# traveling around europe on settlement visa!!!!



## mous.am (Sep 28, 2012)

Hi guys,
Just wanted to check if am allowed to go on holidays to any of the eurpean countries?
I do have the 33 months uk spouse visa
Thank you in advance


----------



## nyclon (Apr 3, 2011)

mous.am said:


> Hi guys,
> Just wanted to check if am allowed to go on holidays to any of the eurpean countries?
> I do have the 33 months uk spouse visa
> Thank you in advance


Your spouse visa has nothing to do with whether you can travel to other countries. If you are a citizen of a country which requires you to get a visa before travelling to a particular country then you will need a visa.


----------



## WestCoastCanadianGirl (Mar 17, 2012)

Yes, you can leave the UK, _but_, you are still subject to visa restrictions imposed by the government of the country you're visiting for people who are on the same passport as yourself... I don't know where you're from, but let's pretend you are travelling on a Canadian passport. If you wanted to go to Moscow, Russia on a Canadian passport, you would still be required to get a visa to visit before you arrived (as do British citizens), whereas to go to the United States on a Canadian passport, you do not need any special visa or entry clearance (Britons need ESTA/Visa Waiver). 

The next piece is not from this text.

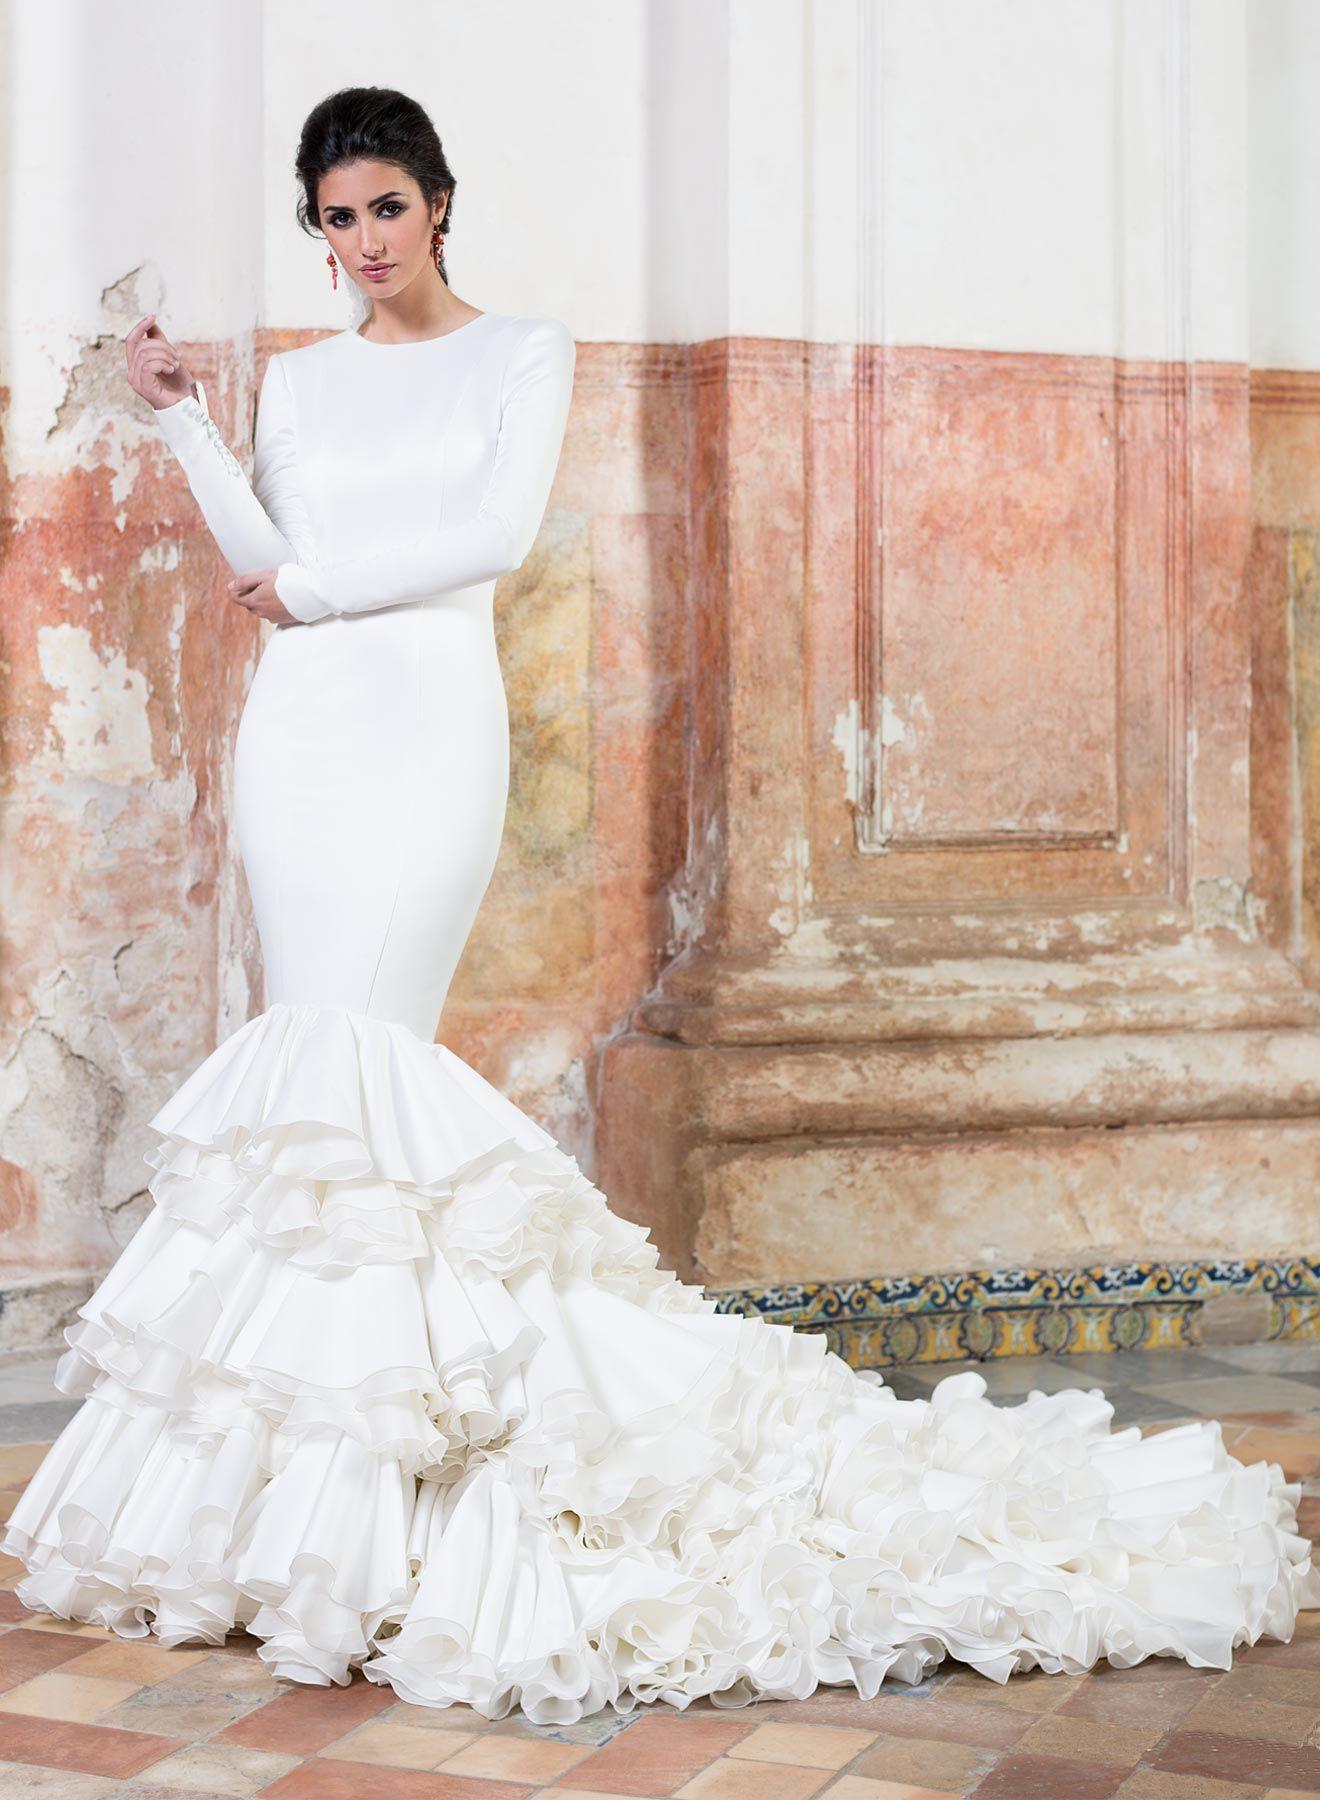 Vestidos novia vicky martin berrocal 2019

It also goes without saying that you should _be sure that you have your Biometric Residence Permit with you_... take it with you on your holiday but _do *not* lose it_... you will have much trouble getting back into the UK without it.


----------



## mous.am (Sep 28, 2012)

Thanks for your reply,
I am currently living and working in the UK on spouse visa,am egyptian and my husband is british and we planning to go to spain for holiday in june,now I get. I will need to apply for a spanish visa to be able to travel there.
Thanks for your reply


----------